Taylor pruning relies on data to estimate the importance score of each learnable parameter. Typically, it is enough to use a subset of the dataset. To specify the size of the dataset to use for estimating the importance scores, specify the number of mini-batch updates. For example, if you have 200 datapoints (that is, if the batch dimension of your data is equal to 200), and if the MiniBatchSize property of the training options options is set to 25, then to use half of your dataset, specify NumImportanceScoreIterations as 4.

For faster pruning, use fewer mini-batch updates. For more accurate importance scores, use more mini-batch updates.

If NumImportanceScoreIterations is "auto", then the software uses 100 mini-batch updates or the entire dataset, whichever is smaller.

If NumImportanceScoreIterations is greater than the number of mini-batches in the dataset, then the software uses the entire dataset once.

If NumImportanceScoreIterations is smaller than the number of mini-batches in the dataset, then for best results, set the Shuffle property of the training options options to "every-epoch".

`LayerNames` — Names of layers to compress
string array | cell array of character vectors | character vector

Names of layers to compress, specified as a string array, cell array of character vectors, or a character vector containing a single layer name.

By default, the software compresses all the layers in the network that support Taylor pruning.

If you specify the names of layers to compress, the software compresses those layers as well as any upstream or downstream layers that they affect.

To compress a specific nested layer inside a network layer, specify the name of the network layer and the name of the nested layer separated by a forward slash "/". For example, the path to a layer named "nestedLayerName" in a network layer named "networkLayerName" is "networkLayerName/nestedLayerName". If there are multiple levels of nested layers, then specify the path using the form "networkLayerName1/.../networkLayerNameN/nestedLayerName".

Data Types: string | cell

`PruningCheckpointPath` — Path for saving checkpoint neural networks
`''` (default) | string scalar | character vector

Path for saving the checkpoint neural networks, specified as a string scalar or character vector.

The software saves checkpoint neural networks at the end of retraining every PruningCheckpointFrequency pruning iterations. Saving checkpoint neural networks lets you experiment with different levels of compression.

If you do not specify a path (that is, you use the default ''), then the software does not save any checkpoint neural networks.
If you specify a path, then the software saves each checkpoint neural network to a separate MAT-file on the path.
If the folder does not exist, then you must first create it before specifying the path for saving the checkpoint neural networks.
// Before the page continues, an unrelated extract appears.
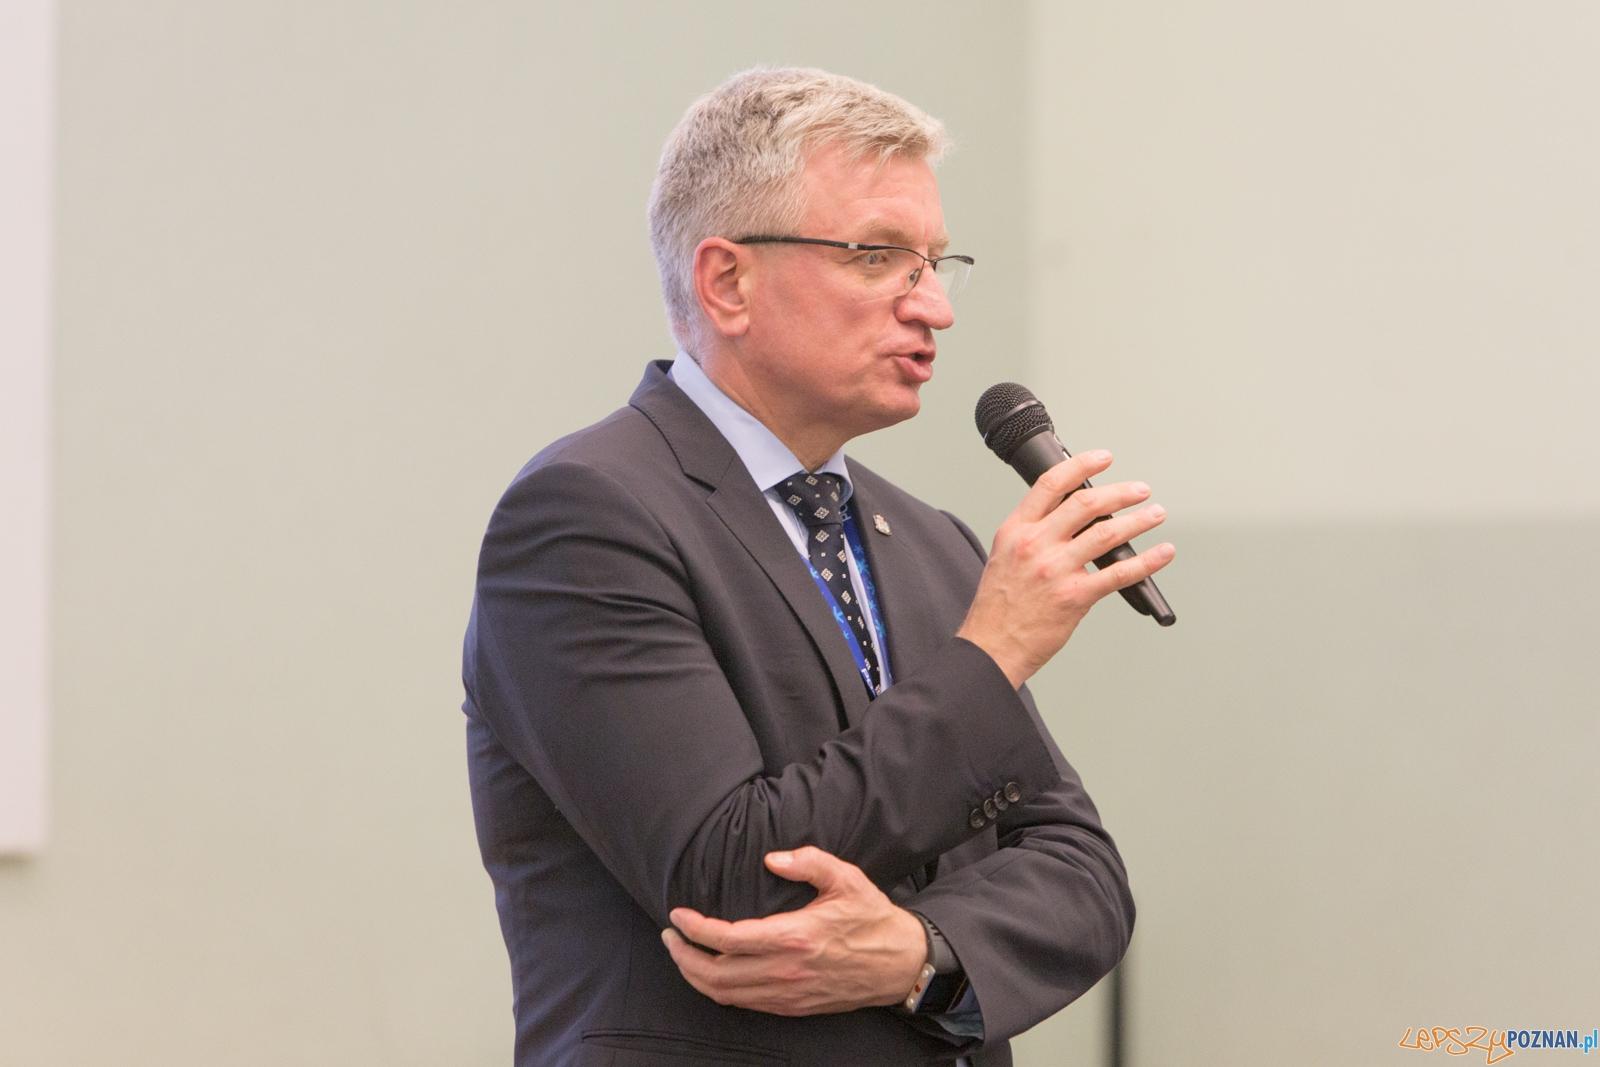 Spotkanie Prezydenta Jaśkowiaka z mieszkańcami Starego Miasta  Foto: lepszyPOZNAN.pl / Piotr Rychter

If the path you specify does not exist, then the software throws an error.

Data Types: char | string

`PruningCheckpointFrequency` — Frequency of saving checkpoint neural networks
1 (default) | positive integer

Frequency of saving checkpoint neural networks, specified as a positive integer.

The software saves checkpoint neural networks at the end of retraining every PruningCheckpointFrequency pruning iterations.

This option only has an effect when PruningCheckpointPath is nonempty.

`VerbosityLevel` — Verbosity level
`"summary"` (default) | `"pruning"` | `"training"` | `"off"`

Verbosity level, specified as one of these values:

"summary" — Display a summary of the pruning algorithm.
"pruning" — Display information about the pruning iterations.
"training" — Display information about the pruning and fine-tuning iterations. To change the number of fine-tuning iterations to display, set the VerboseFrequency property of the training options options.
"off" — Do not display information.

`Plots` — Plots to display during pruning
`"pruning-progress"` (default) | `"none"`

Plots to display during pruning, specified as one of these values:

"none" — Do not display plots during pruning.
"pruning-progress" — Plot the number of learnable parameters and the fine-tuning progress during pruning.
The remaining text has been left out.